Here's another pic of the full frame


----------



## edmunds costoms hyd (Jun 26, 2002)

doing It the way mine 
is done will keep the trailing arms out of the back seat 
but I don't know with a V8 In It


----------



## edmunds costoms hyd (Jun 26, 2002)

https://www.youtube.com/watch?v=SLd7kNp5NgQ
heres It all done


----------



## Bandits_Mikey (Oct 11, 2015)

edmunds costoms hyd said:


> https://www.youtube.com/watch?v=SLd7kNp5NgQ
> heres It all done


Damn !!! Just fell in love . Looks like a Simple but expensive set up in the back . Thanks for sharing


----------



## edmunds costoms hyd (Jun 26, 2002)

less the pump Its EZ and can work on yours, my bridge Is In the rear of the axel to keep It out of the back seat . look on you tube I have more videos in there.


----------



## Bandits_Mikey (Oct 11, 2015)

edmunds costoms hyd said:


> less the pump Its EZ and can work on yours, my bridge Is In the rear of the axel to keep It out of the back seat . look on you tube I have more videos in there.


I'm new to hydraulics.
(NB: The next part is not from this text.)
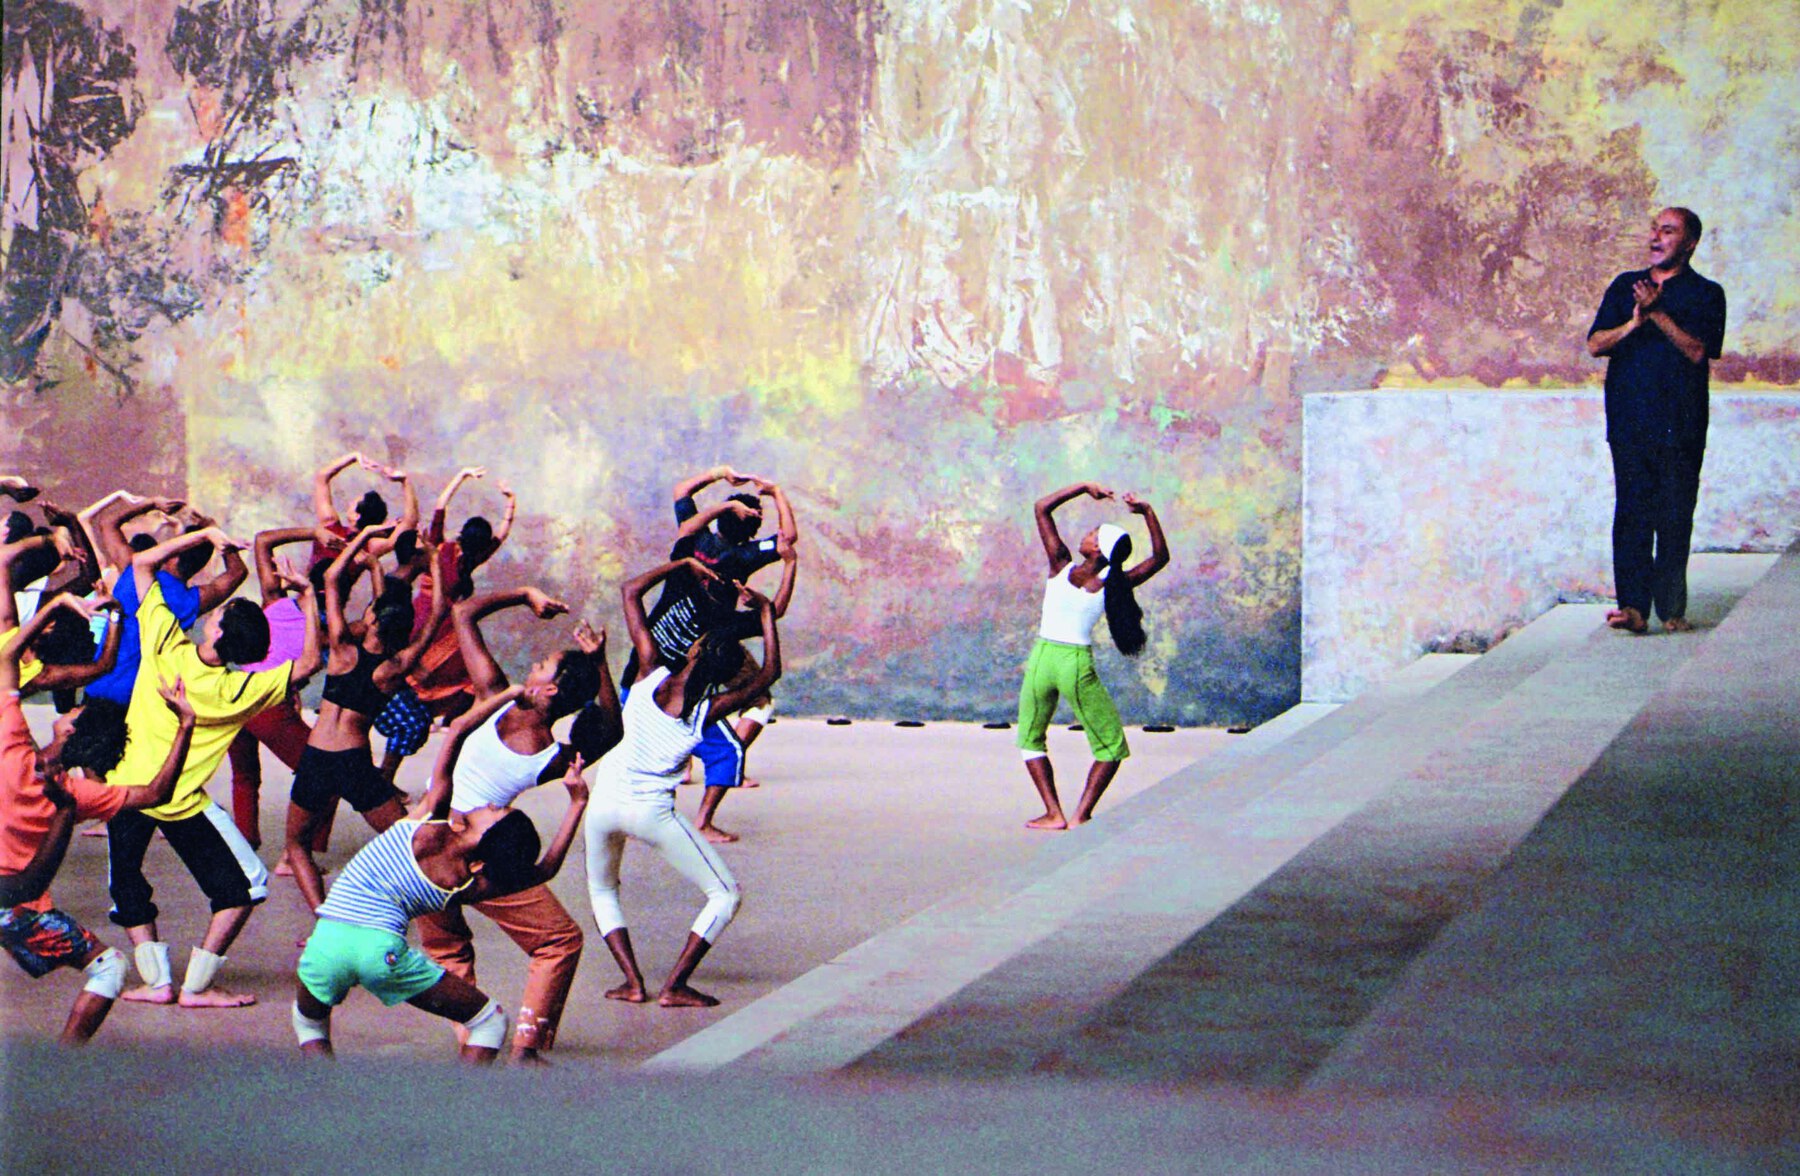 Fotografia. Grupo de dança realizando movimentos com joelhos flexionados e mãos formando arco acima da cabeça. Estão em um salão amplo e fechado, orientados por um homem vestido de preto que está à direita, sobre degraus altos cinza.
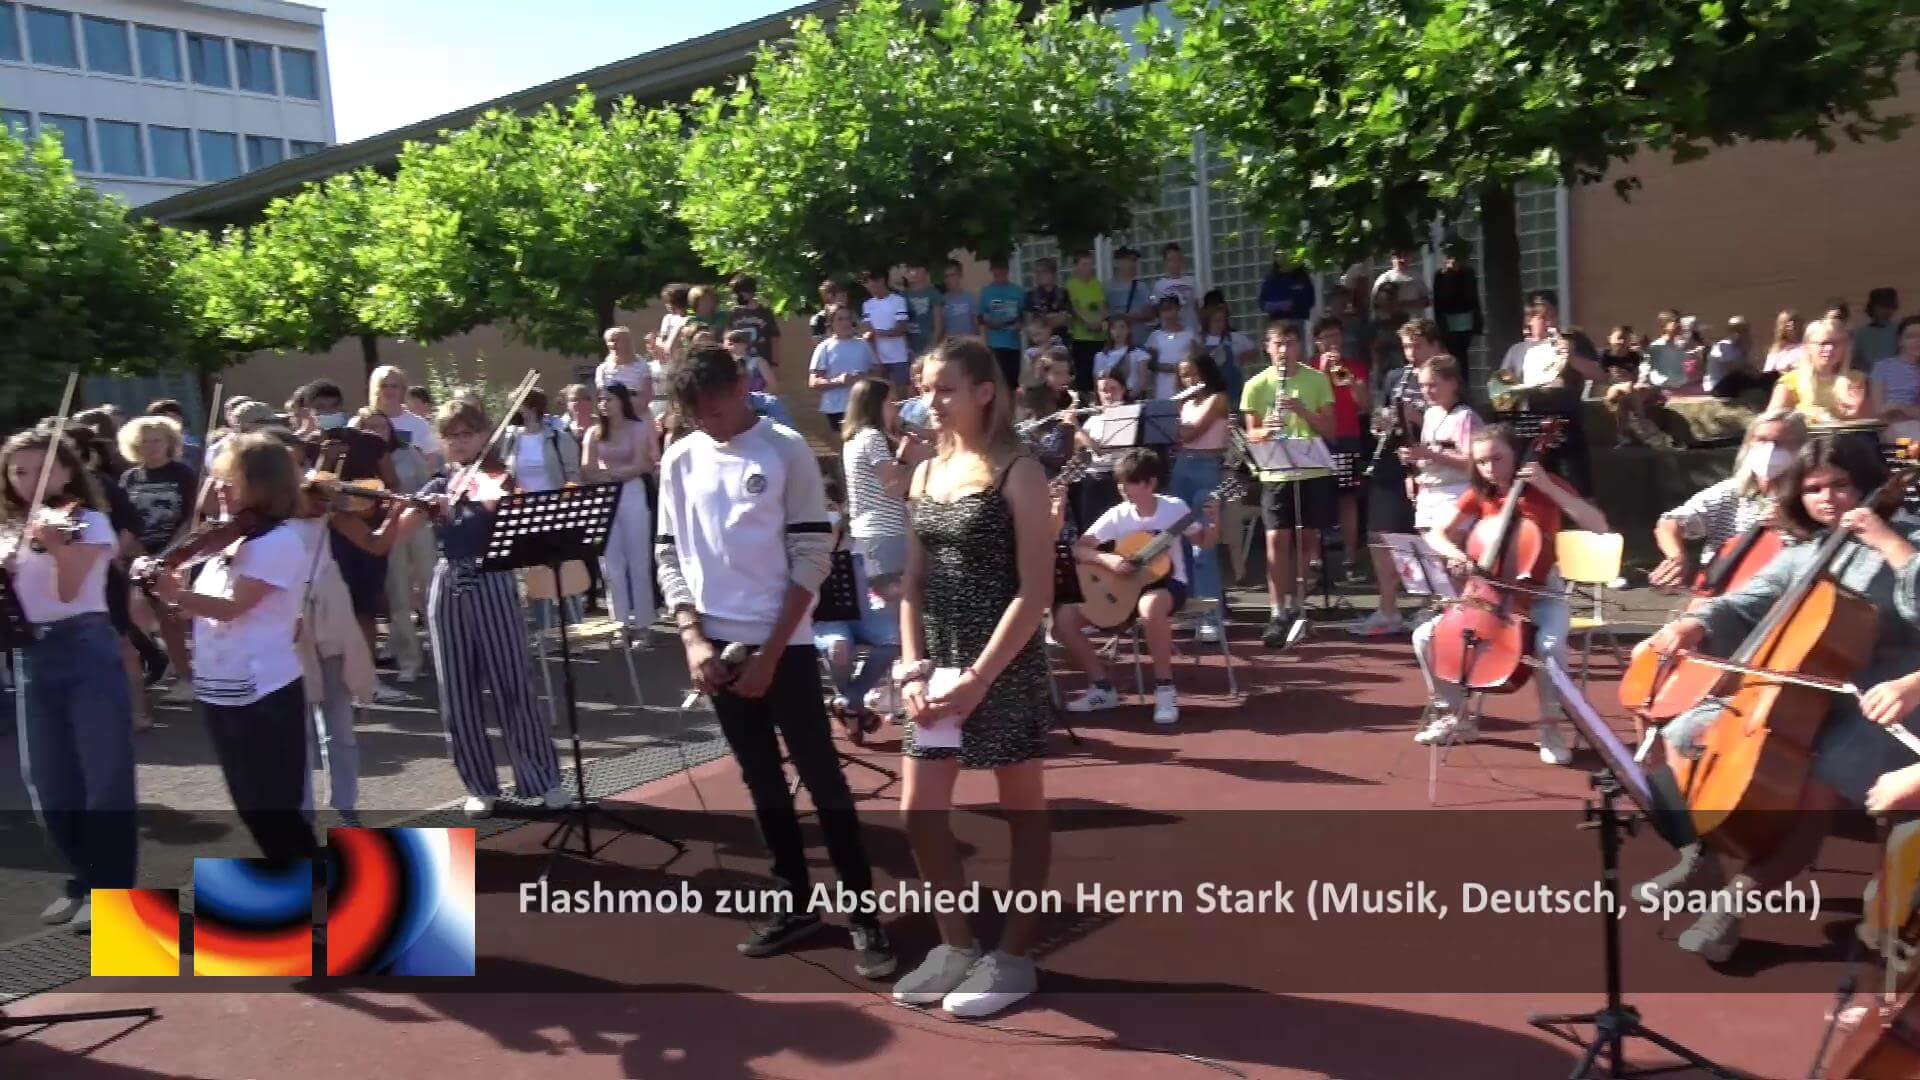 Flashmob musical pour le départ à la retraite de M. Stark

I'm trying to catch up and do my homework so I can cruise my car. Seems there's a ton of different ways to do a set up. I'm looking to just do front/back and if possible pancake . Thanks on the videos , definitely helped by looking


----------



## JustCruisin (Jan 19, 2004)

edmunds costoms hyd said:


> my back end 41 chevy but more or less the same


Does the rear sway..?


----------



## 1229 (Sep 16, 2002)

Bandits_Mikey said:


> Here's another pic of the full frame


reminds me of Gambino's "Fuck You 54" frame...wasnt that pic taken at his shop??


----------



## edmunds costoms hyd (Jun 26, 2002)

JustCruisin said:


> Does the rear sway..?



its not on the road yet but it snug and feels good. This setup has been out there for years so I'm sure it works


----------



## JustCruisin (Jan 19, 2004)

TATTOO-76 said:


> reminds me of Gambino's "Fuck You 54" frame...wasnt that pic taken at his shop??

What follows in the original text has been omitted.